Four weeks of oral exposure to artificial sweeteners differentially affected urine output in mice. AceK increased RUO at both ADI and high dose, while saccharin required high dose and sucralose had no detectable effect despite higher consumption at preference-matched sweetness. The lack of sucralose effect is consistent with its lower gastrointestinal absorption relative to AceK and saccharin, indicating that systemic availability may determine bladder exposure and physiological impact. Mechanistically, AceK and saccharin upregulated T1R3 (and, dose-dependently, T1R2) in bladder, with minimal or no upregulation in kidney, and AceK-induced RUO increases were blunted in T1R3KO mice. Together, these findings implicate extraoral sweet taste receptors—particularly T1R3 in bladder—in modulating urinary excretion in response to ASs. Changes in urinary K+ correlated with RUO, suggesting that AS-triggered sweet taste signaling may influence ion handling and/or bladder contractility, consistent with prior evidence that ASs can enhance bladder contraction via altered extracellular Ca2+ influx. The partial preservation of RUO increases in T1R3KO mice at high AceK dose suggests additional pathways, possibly renal effects or non-T1R3 chemosensory mechanisms, contribute to the phenotype. Overall, the data support a model in which AS exposure, especially AceK, enhances bladder sweet receptor signaling, leading to increased urine output and altered urinary electrolyte composition.

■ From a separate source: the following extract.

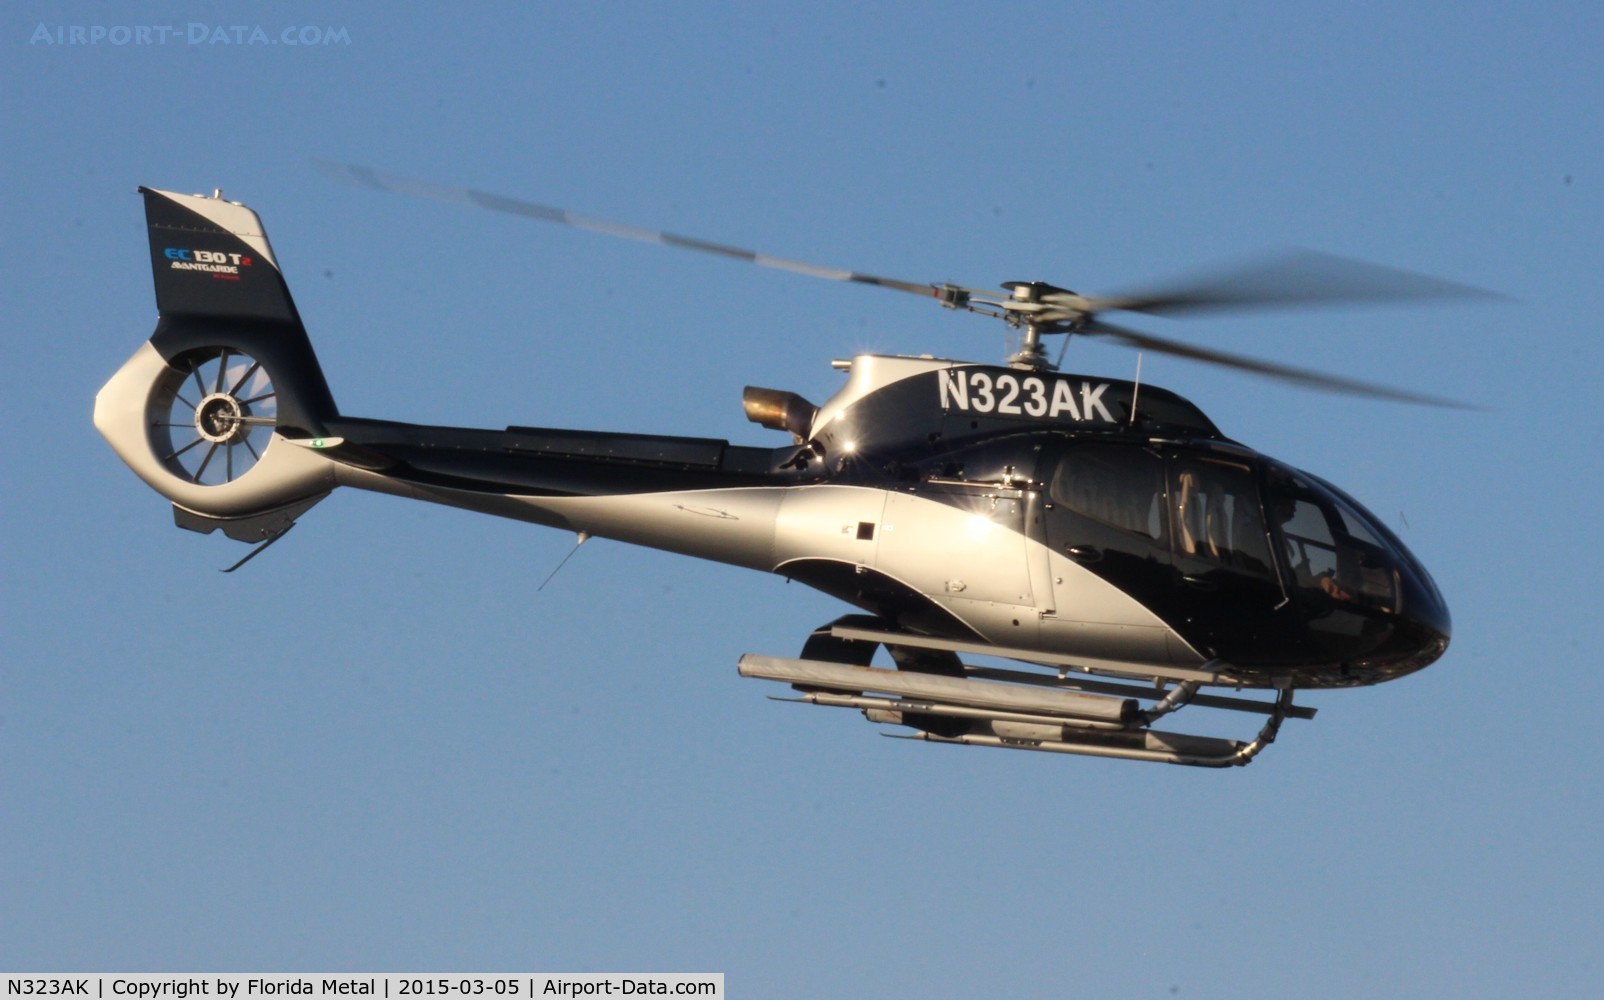 N323AK, 2014 Airbus Helicopters EC-130T-2 C/N 7962, Heliexpo 2015

This study demonstrates that artificial sweeteners, particularly acesulfame K and high-dose saccharin, increase urine output in mice, and that this effect is associated with upregulation of sweet taste receptors (T1R2/T1R3) in the bladder. Genetic disruption of T1R3 attenuates AceK-induced RUO increases, supporting a causal role for sweet taste signaling in extraoral tissues. Urinary K+ changes track with RUO alterations, suggesting a link between sweet receptor activation, ion homeostasis, and bladder function. These findings identify bladder sweet taste receptors as contributors to AS-induced changes in urinary physiology and highlight differential effects among sweeteners, with AceK exerting effects even at ADI-equivalent low doses. Future work should employ bladder-specific T1R3 knockout models, perform comprehensive renal pathology and function assessments, and investigate gut–bladder signaling and hormonal mediators to delineate systemic versus local mechanisms.

• tas1r2 mRNA could not be reliably quantified in bladder (qPCR CT >37–38), limiting gene-level interpretation for T1R2.

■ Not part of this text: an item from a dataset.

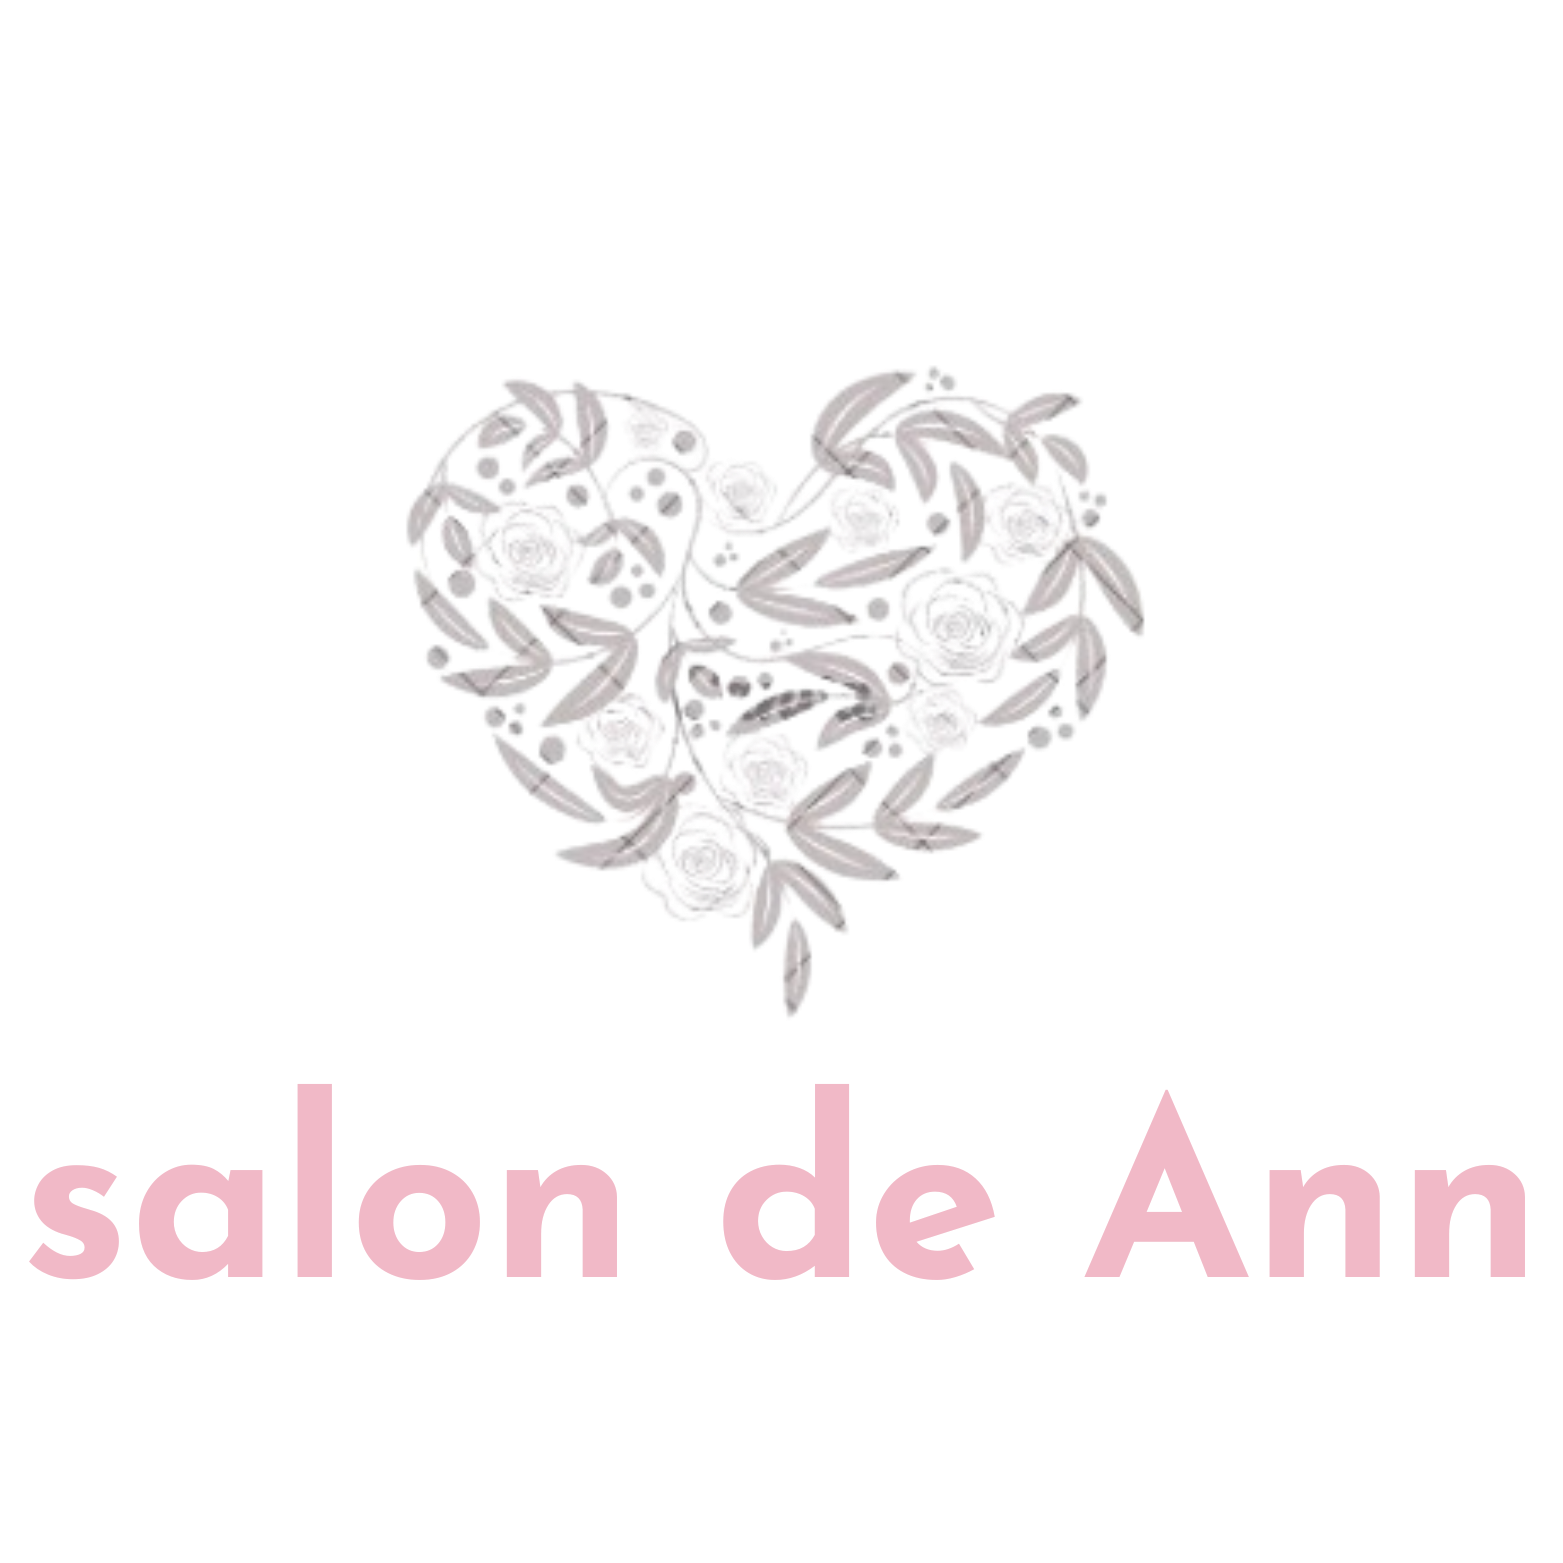 Salon de Ann

• T1R3 knockout was global; tissue-specific (e.g., bladder-specific) knockout models are needed to ascribe causality to bladder receptors.
• Possible involvement of other organs (gut, stomach, kidney) and systemic factors (e.g., GLP-1/2) was not directly tested.

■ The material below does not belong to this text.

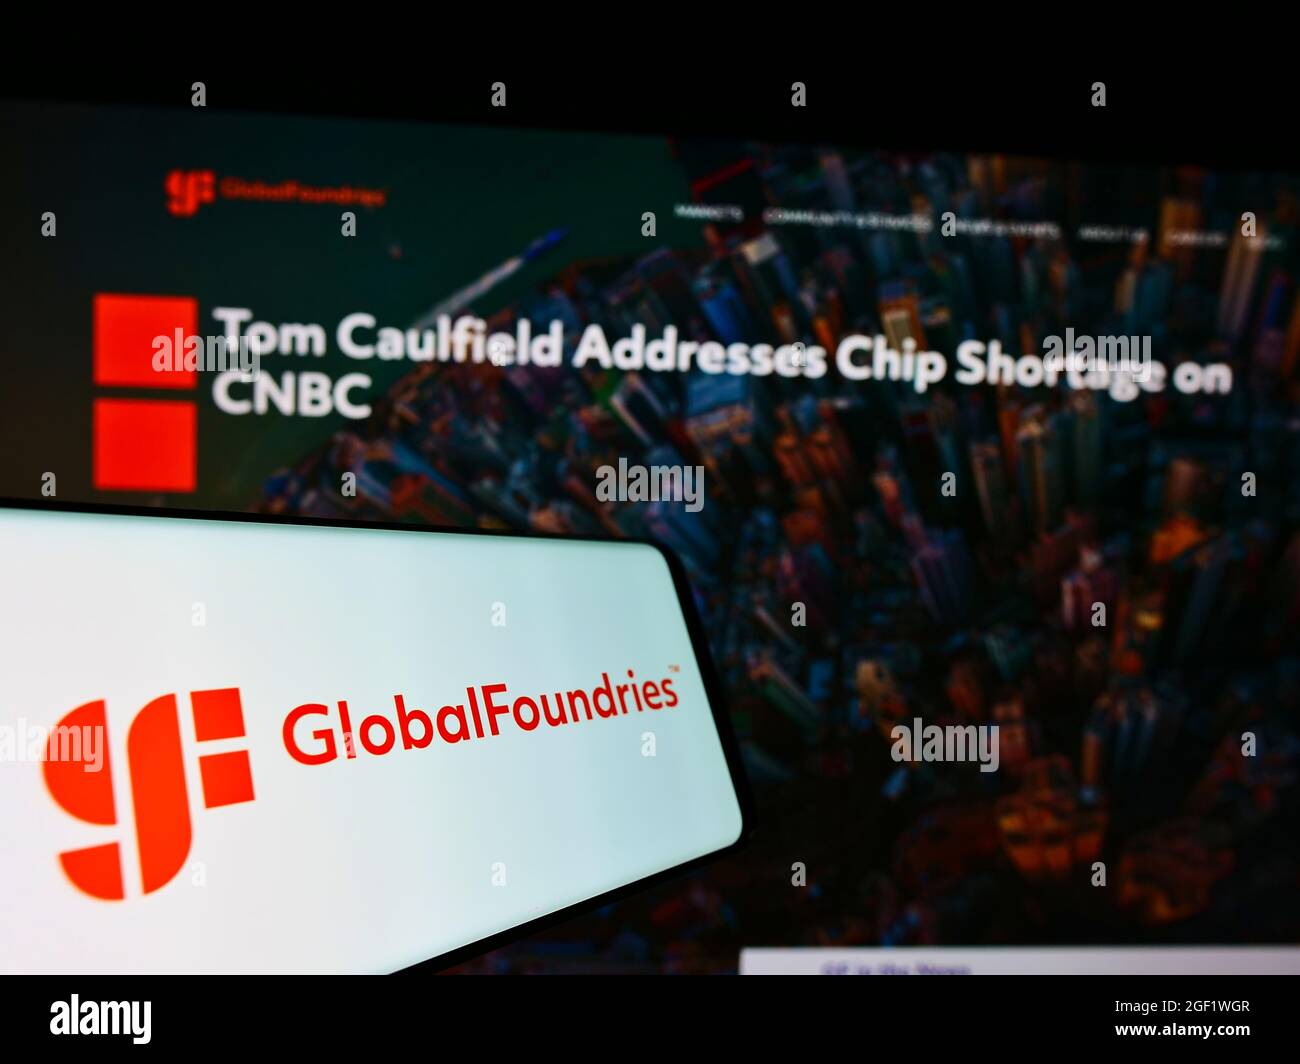 Telefono cellulare con logo della società americana di semiconduttori GlobalFoundries Inc. (GF) sullo schermo di fronte al sito web. Concentratevi sul centro-destra del display del telefono. Foto Stock

• Renal histopathology and detailed renal function parameters were not assessed; thus, contributions from kidney ion handling remain unresolved.
• Sample sizes for genotype comparison (n=5/group) were modest, potentially limiting power for some endpoints.
• Sucralose systemic exposure was not quantified; pharmacokinetics were inferred from literature rather than measured.